Consider the above segment of the array of tuples. We see the hashes match. From this, we can say that face 1 of tetrahedron 0 links to face 3 of tetrahedron 1.

So far, all my mesh generation has produced “quality” tetrahedra in the sense that none are flat and I have no face errors so it’s a “real” mesh. What I’m trying to solve now is something built on top of the mesh and has the potential to be a huge performance bottleneck.

the usage of hashes makes sense then; but does the user of hashes?
is this really something you would have the device concern itself with, or something the host can help the device with

i may very well be wrong, but it seems as if the tetrahedrons pushed (to the device) for (line-plane) processing are unordered/ non-sequential, and this could negatively impact global memory access
i can understand if the tetrahedrons populate a mesh, thus disturbing any order; but, at the same time, this should be something the host can help the device with, particularly when done in batches and when using streams, such that the device is hardly held up by the host
when you have the necessary data, tetrahedrons are processed individually in terms of line-plane intersections, outside of any mesh context, i gather
preparing the tetrahedrons for processing could help performance then

jimmy, you got me really thinking about access patterns now.

Plus, that topic I had about coalescing finally linked me to some really material about how global memory works.

Fundamentally, I’m only testing a subset of the mesh. I won’t go into too much detail about it (I could talk for awhile about this) but I’m really only testing some “bad” tetrahedra in the mesh.

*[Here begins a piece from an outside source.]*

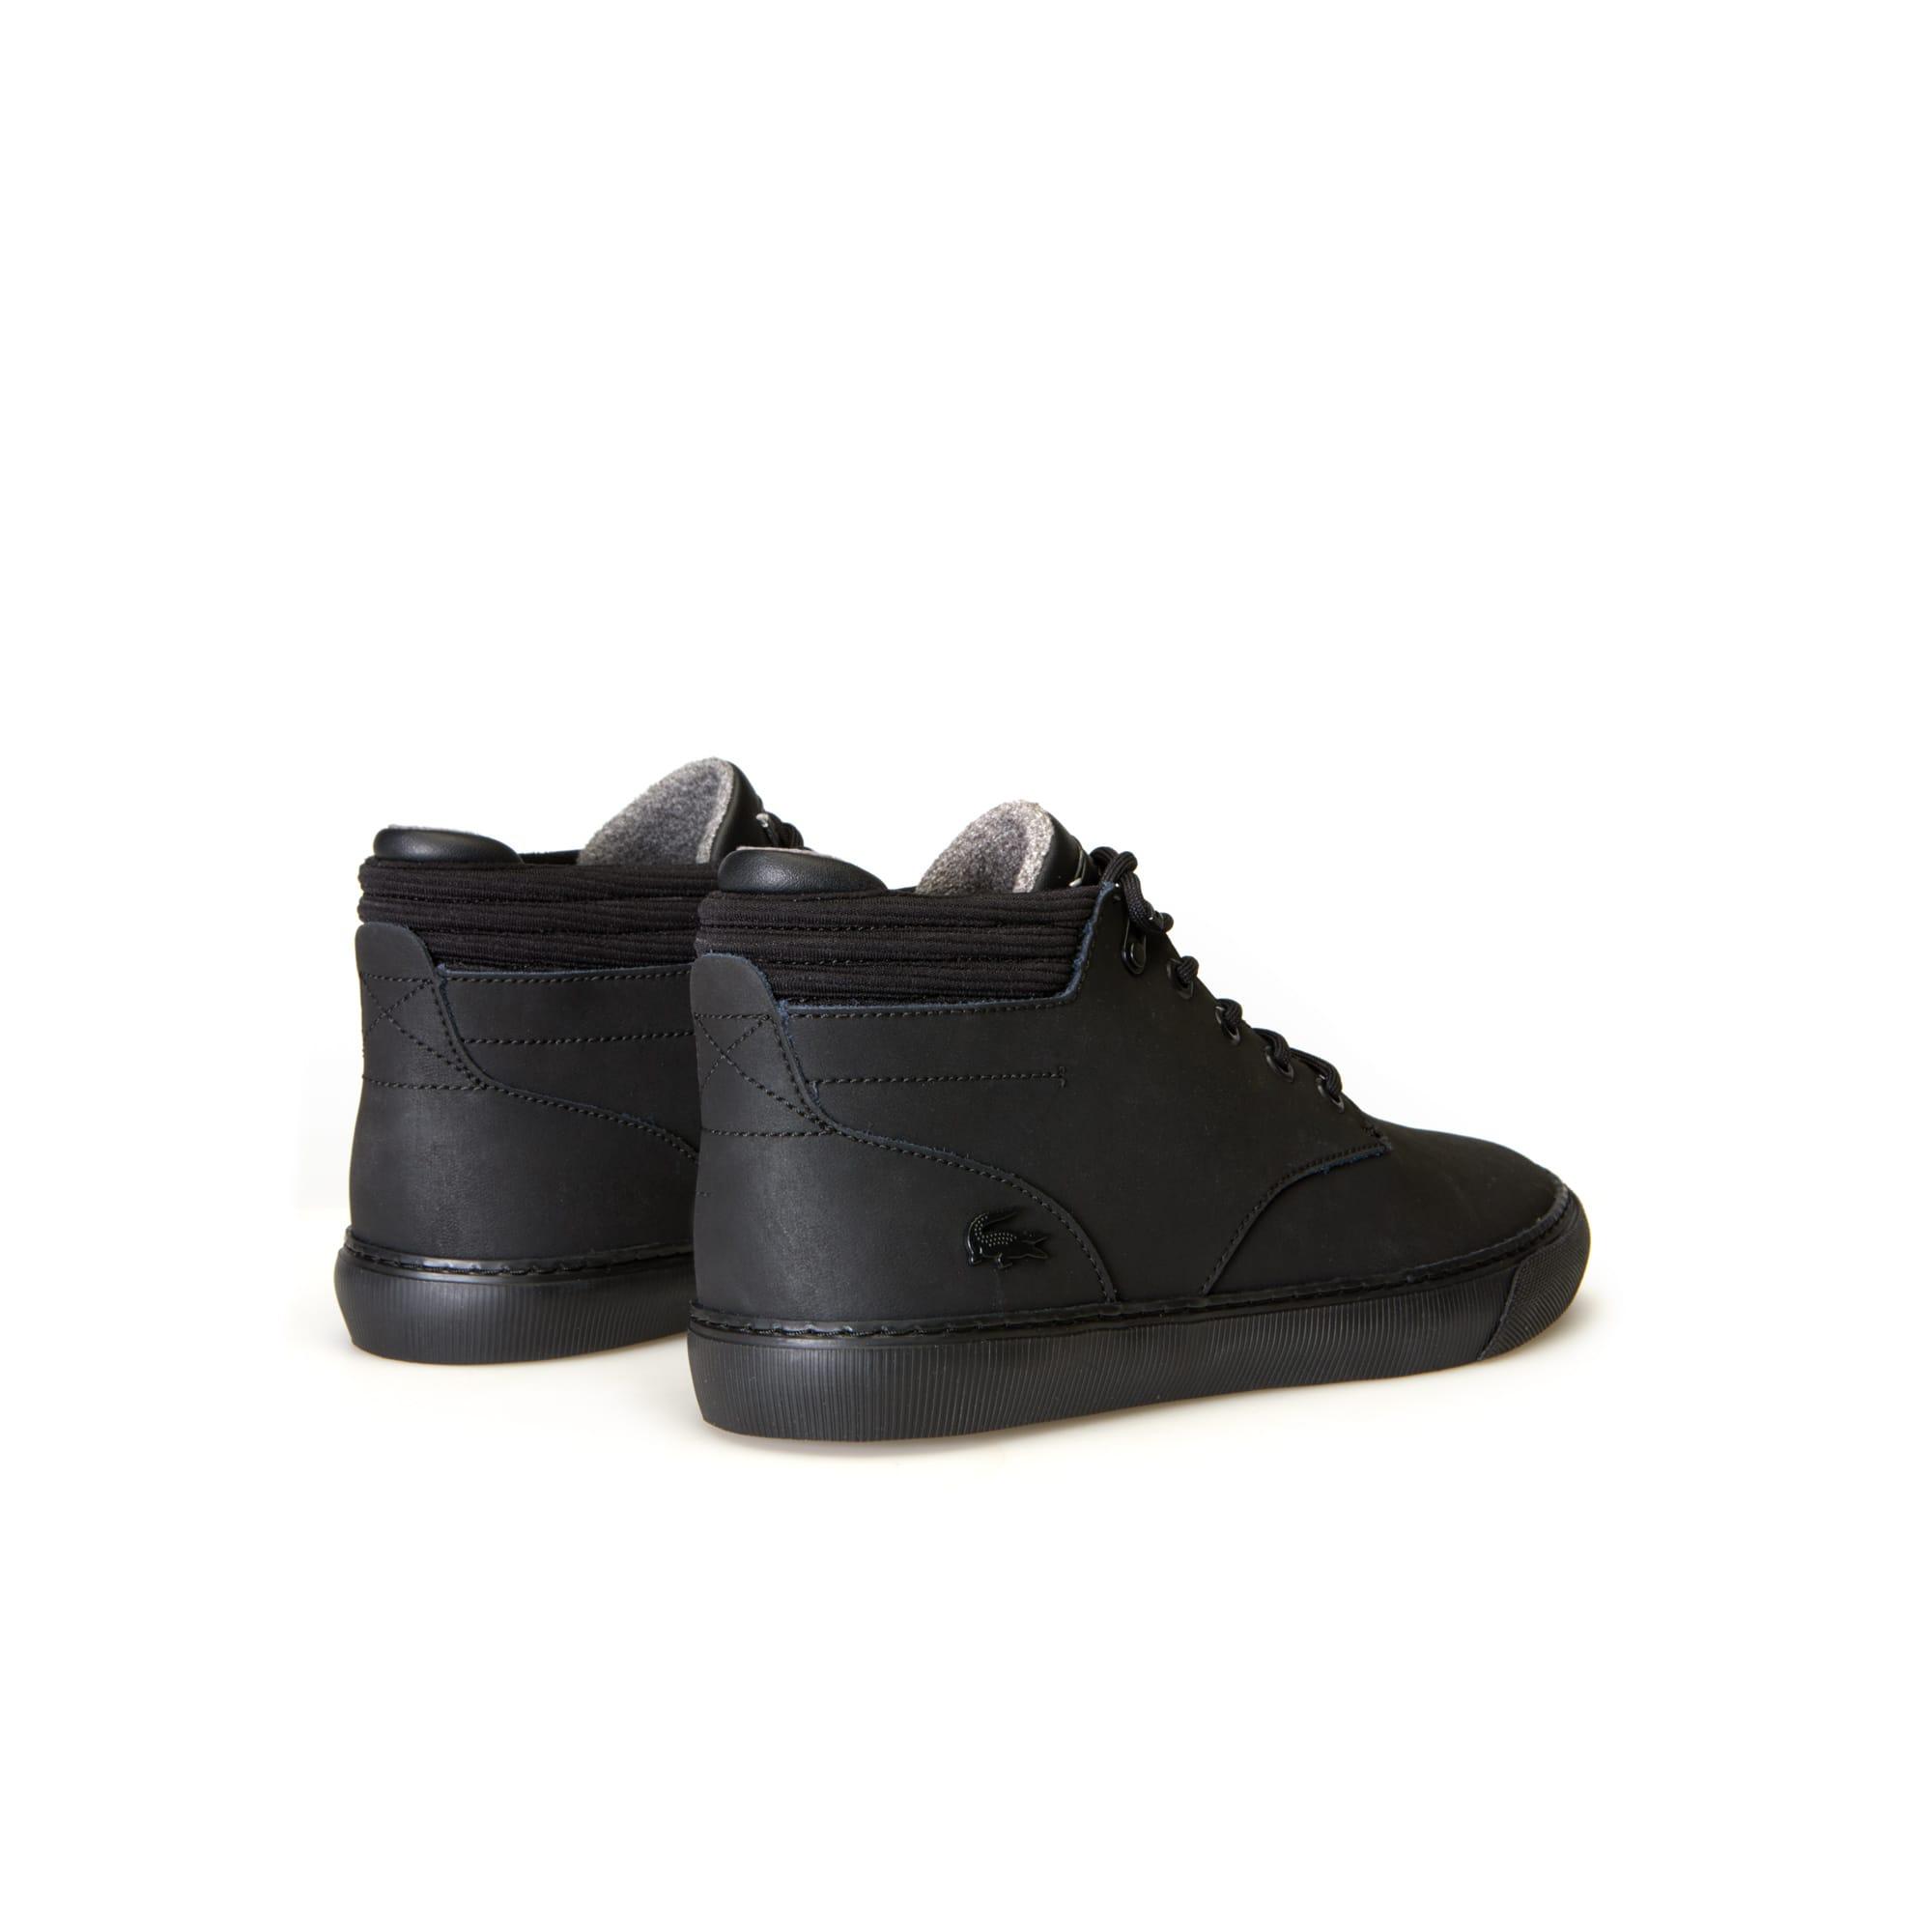 Lacoste - Zapatillas bota de hombre Esparre Winter de piel - 3

So I was thinking that I could make a private copy of the points and then I’d have darn near perfect access.

Each tetrahedron is 4 vertices. Each vertex is 4 floats so 12 bytes. I also want the point opposite the face so that’s 5 total = 60 bytes which means I can load in two complete 5-tuples of points which puts me at 120/128 for global load efficiency.

The only problem is that this can potentially eat up a lot of memory but the subset of “bad” tetrahedra in the mesh will hopefully diminish as I repair them.

Would I be able to somehow used shared memory for this also? This is one of the first times I’ve ever really thought about memory accesses in CUDA.

i would:

a) have the host extract the subset to help the device with global memory access

now, the device should be able to access data like this:
const int4 t = ((int4* ) mesh)[thread_id];

instead of:

const int4 t = ((int4* ) mesh)[ta_id];

because:

const int ta_id = which_tetrahedron[tid];

is ‘non-ideal’

b) have the host tend to hashes, as part of extraction, such that the device can skip this:

if (128_bit_hash[tid - 1] == 128_bit_hash[tid])

c) have the host arrange and forward the necessary data to the device like this:

float* opposite_point;
float4* the_vertices;

i do not see this wasting anything

both arrays are access by the device, like this: array[threadId]

d) process the subset of tetras in batches, to limit the device waiting for the host:

host:

for batch size and subset size;
remaining_count = subset;
while remaining_count > 0
{
extract and compact batch - sequentially load array to be passed to device; offset as necessary
issue a kernel in stream s;
increment the stream; roll-over/ reset stream if stream == max stream;
subtract from remaining count, batch size;
}

now, the device can start processing the moment a batch is ready, rather than waiting for the host to pre-process all tetras from the subset first

Jimmy, you’re a genius!

You’ve literally opened me up to a brand new of thinking that I had either previously ignored or had just not been exposed too.

I think I can use this to solve many problems and it’s so genius. The CPU is busy arranging and preparing data to exploit the GPU and batching allows occupation of both hardwares. Holy poop. This… This changes the game!